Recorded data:
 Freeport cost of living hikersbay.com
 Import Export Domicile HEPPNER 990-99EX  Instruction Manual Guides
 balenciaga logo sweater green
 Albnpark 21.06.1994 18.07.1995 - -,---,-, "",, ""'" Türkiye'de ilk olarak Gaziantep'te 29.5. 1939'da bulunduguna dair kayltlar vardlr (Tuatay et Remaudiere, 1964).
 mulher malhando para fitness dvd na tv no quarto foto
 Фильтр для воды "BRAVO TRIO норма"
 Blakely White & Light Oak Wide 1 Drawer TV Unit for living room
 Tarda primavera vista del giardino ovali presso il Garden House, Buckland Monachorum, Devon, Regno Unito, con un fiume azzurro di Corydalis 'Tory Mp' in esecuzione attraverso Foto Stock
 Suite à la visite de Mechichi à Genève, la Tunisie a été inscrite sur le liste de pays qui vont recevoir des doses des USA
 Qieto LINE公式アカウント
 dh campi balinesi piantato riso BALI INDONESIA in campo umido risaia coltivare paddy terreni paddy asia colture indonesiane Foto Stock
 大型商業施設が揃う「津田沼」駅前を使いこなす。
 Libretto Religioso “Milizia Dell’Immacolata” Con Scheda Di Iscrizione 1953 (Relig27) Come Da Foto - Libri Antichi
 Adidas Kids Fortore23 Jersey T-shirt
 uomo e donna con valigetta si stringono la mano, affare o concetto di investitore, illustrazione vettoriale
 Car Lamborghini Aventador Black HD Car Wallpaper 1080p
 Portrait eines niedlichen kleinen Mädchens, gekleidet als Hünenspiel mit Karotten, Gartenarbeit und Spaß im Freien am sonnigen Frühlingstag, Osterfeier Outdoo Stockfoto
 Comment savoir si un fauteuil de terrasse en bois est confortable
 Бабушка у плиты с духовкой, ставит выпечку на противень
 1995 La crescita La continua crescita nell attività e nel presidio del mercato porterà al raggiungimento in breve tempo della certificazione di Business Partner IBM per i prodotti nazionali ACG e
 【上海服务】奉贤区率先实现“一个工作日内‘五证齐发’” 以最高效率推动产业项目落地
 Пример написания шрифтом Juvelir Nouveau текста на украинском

**Task objective**: Each line of the data needs to be repeated exactly.

**Task solution**:
 Freeport cost of living hikersbay.com
 Import Export Domicile HEPPNER 990-99EX  Instruction Manual Guides
 balenciaga logo sweater green
 Albnpark 21.06.1994 18.07.1995 - -,---,-, "",, ""'" Türkiye'de ilk olarak Gaziantep'te 29.5. 1939'da bulunduguna dair kayltlar vardlr (Tuatay et Remaudiere, 1964).
 mulher malhando para fitness dvd na tv no quarto foto
 Фильтр для воды "BRAVO TRIO норма"
 Blakely White & Light Oak Wide 1 Drawer TV Unit for living room
 Tarda primavera vista del giardino ovali presso il Garden House, Buckland Monachorum, Devon, Regno Unito, con un fiume azzurro di Corydalis 'Tory Mp' in esecuzione attraverso Foto Stock
 Suite à la visite de Mechichi à Genève, la Tunisie a été inscrite sur le liste de pays qui vont recevoir des doses des USA
 Qieto LINE公式アカウント
 dh campi balinesi piantato riso BALI INDONESIA in campo umido risaia coltivare paddy terreni paddy asia colture indonesiane Foto Stock
 大型商業施設が揃う「津田沼」駅前を使いこなす。
 Libretto Religioso “Milizia Dell’Immacolata” Con Scheda Di Iscrizione 1953 (Relig27) Come Da Foto - Libri Antichi
 Adidas Kids Fortore23 Jersey T-shirt
 uomo e donna con valigetta si stringono la mano, affare o concetto di investitore, illustrazione vettoriale
 Car Lamborghini Aventador Black HD Car Wallpaper 1080p
 Portrait eines niedlichen kleinen Mädchens, gekleidet als Hünenspiel mit Karotten, Gartenarbeit und Spaß im Freien am sonnigen Frühlingstag, Osterfeier Outdoo Stockfoto
 Comment savoir si un fauteuil de terrasse en bois est confortable
 Бабушка у плиты с духовкой, ставит выпечку на противень
 1995 La crescita La continua crescita nell attività e nel presidio del mercato porterà al raggiungimento in breve tempo della certificazione di Business Partner IBM per i prodotti nazionali ACG e
 【上海服务】奉贤区率先实现“一个工作日内‘五证齐发’” 以最高效率推动产业项目落地
 Пример написания шрифтом Juvelir Nouveau текста на украинском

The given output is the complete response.